Metal-assisted catalytic etching (MACE) using Ag nanoparticles as catalysts and H₂O₂ as oxidant has been performed on single-crystal Si wafers, single-crystal electronics grade Si powders, and polycrystalline metallurgical grade Si powders. The temperature dependence of the etch kinetics has been measured over the range 5-37°C. Etching is found to proceed preferentially in a 〈001〉 direction with an activation energy of ~0.4 eV on substrates with (001), (110), and (111) orientations. A quantitative model to explain the preference for etching in the 〈001〉 direction is developed and found to be consistent with the measured activation energies. Etching of metallurgical grade powders produces particles, the surfaces of which are covered primarily with porous silicon (por-Si) in the form of interconnected ridges. Silicon nanowires (SiNW) and bundles of SiNW can be harvested from these porous particles by ultrasonic agitation.
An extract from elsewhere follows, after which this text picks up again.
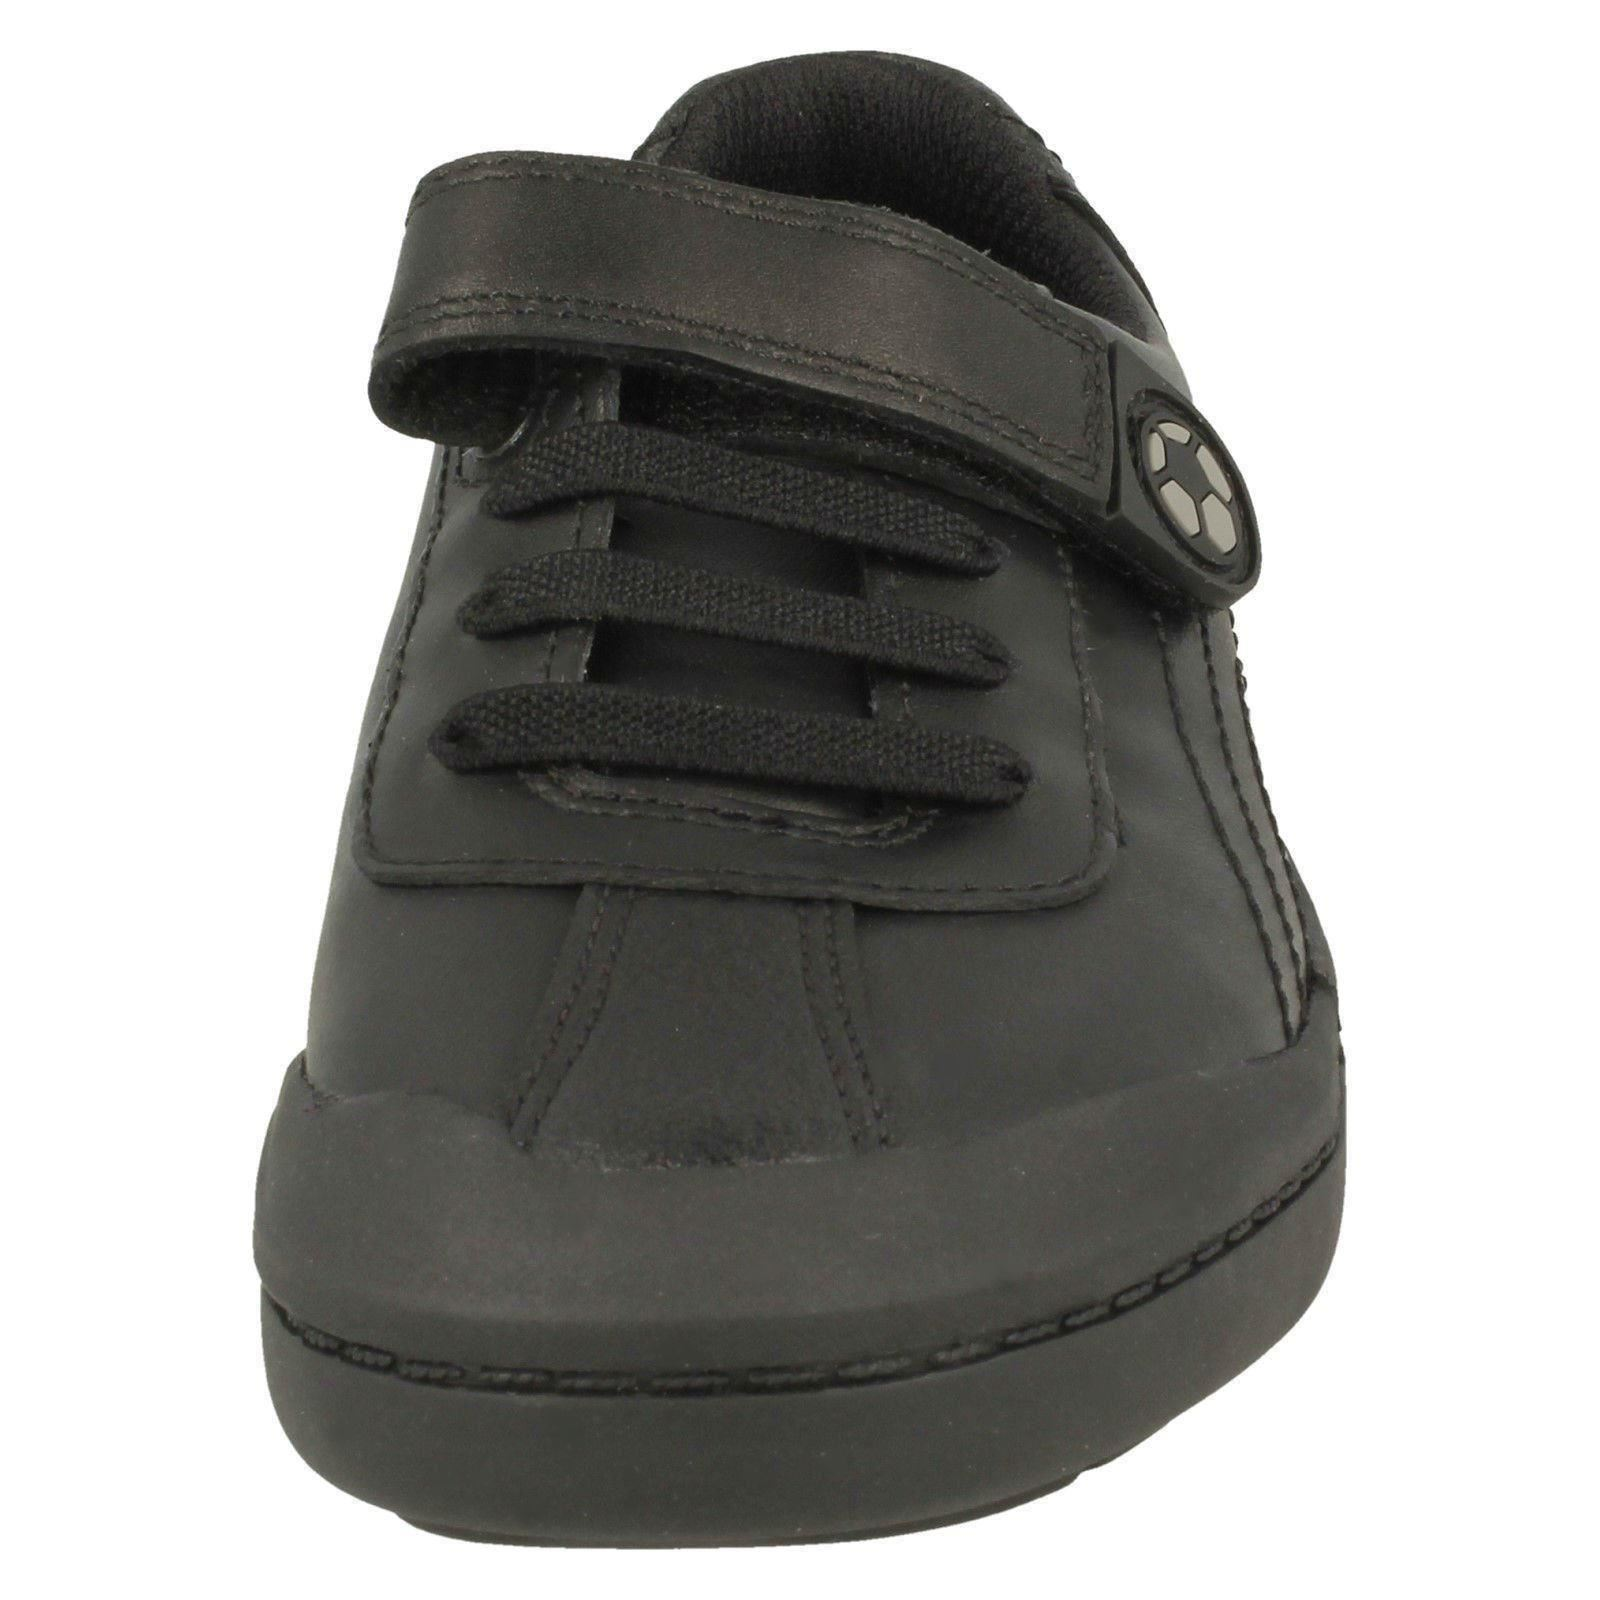 Clarks Boys Football Detailed School Shoes Rock Pass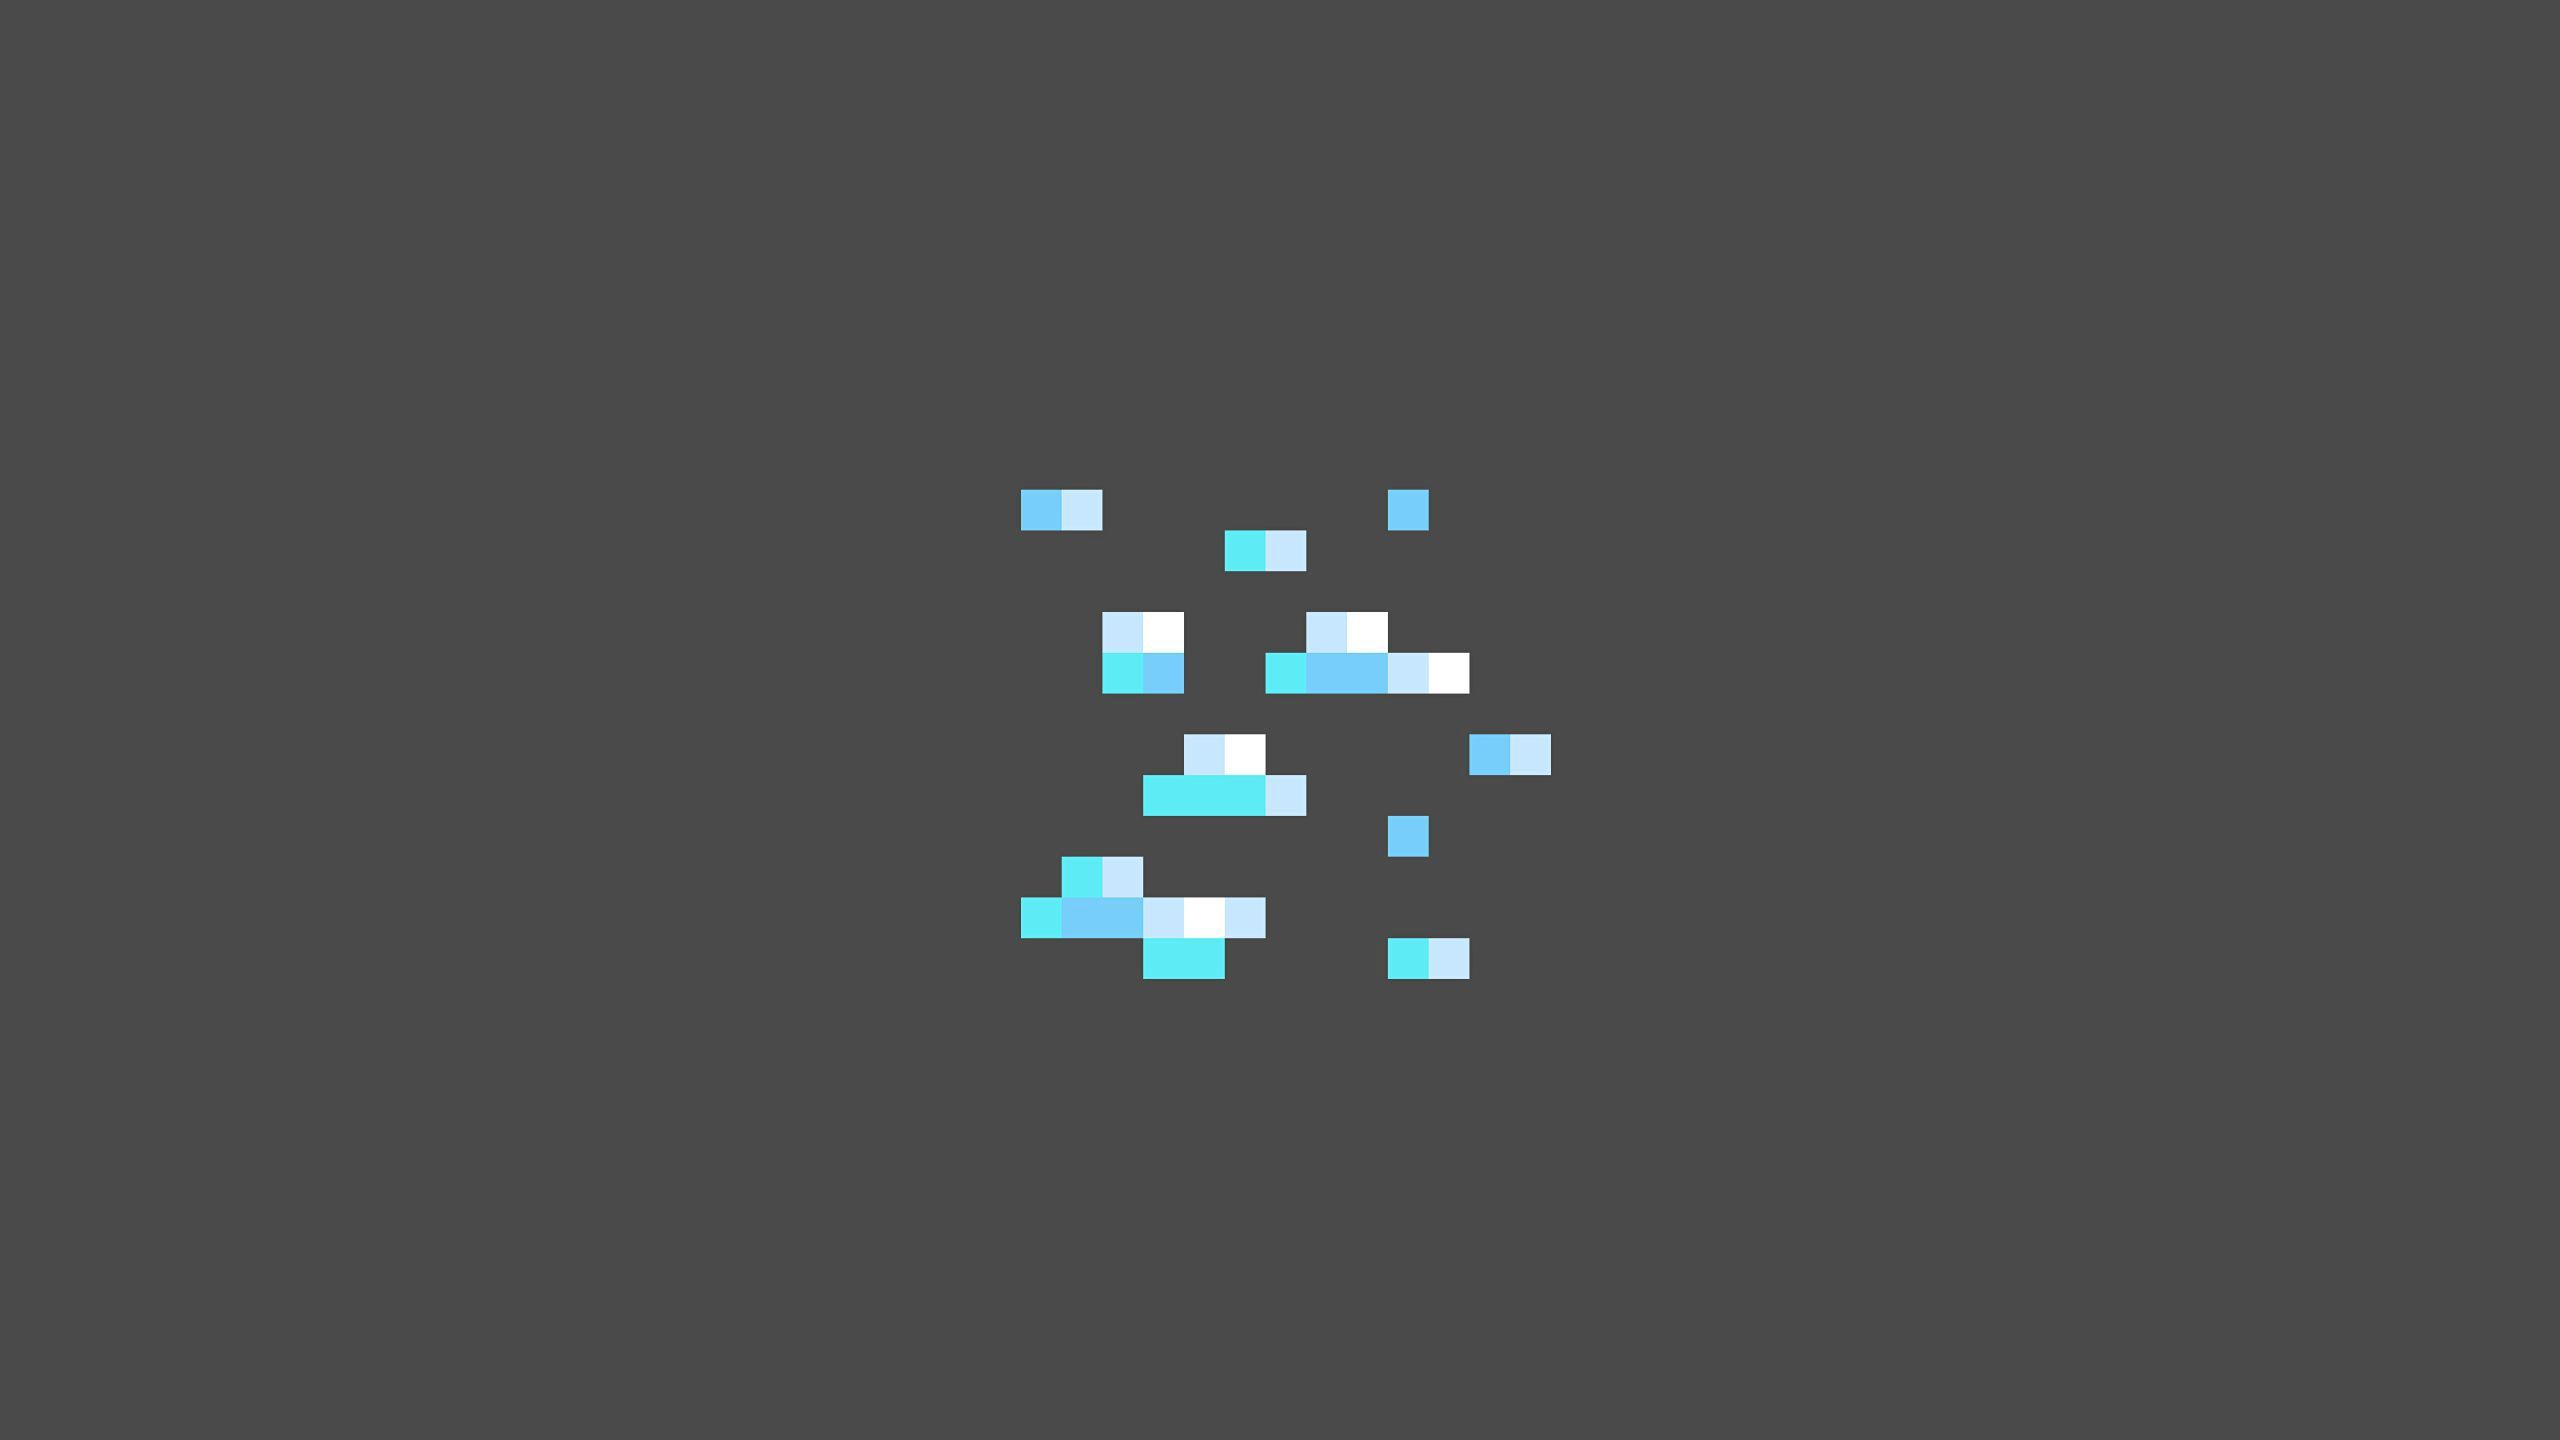 Diamond Ore   Minecraft Wallpaper 15749 2560x1440

Analysis of the forces acting between the metal nanoparticle catalyst and the Si particle demonstrates that strongly attractive electrostatic and van der Waals interactions ensure that the metal nanoparticles remain in intimate contact with the Si particles throughout the etch process. These attractive forces draw the catalyst toward the interior of the particle and explain why the powder particles are etched equivalently on all the exposed faces.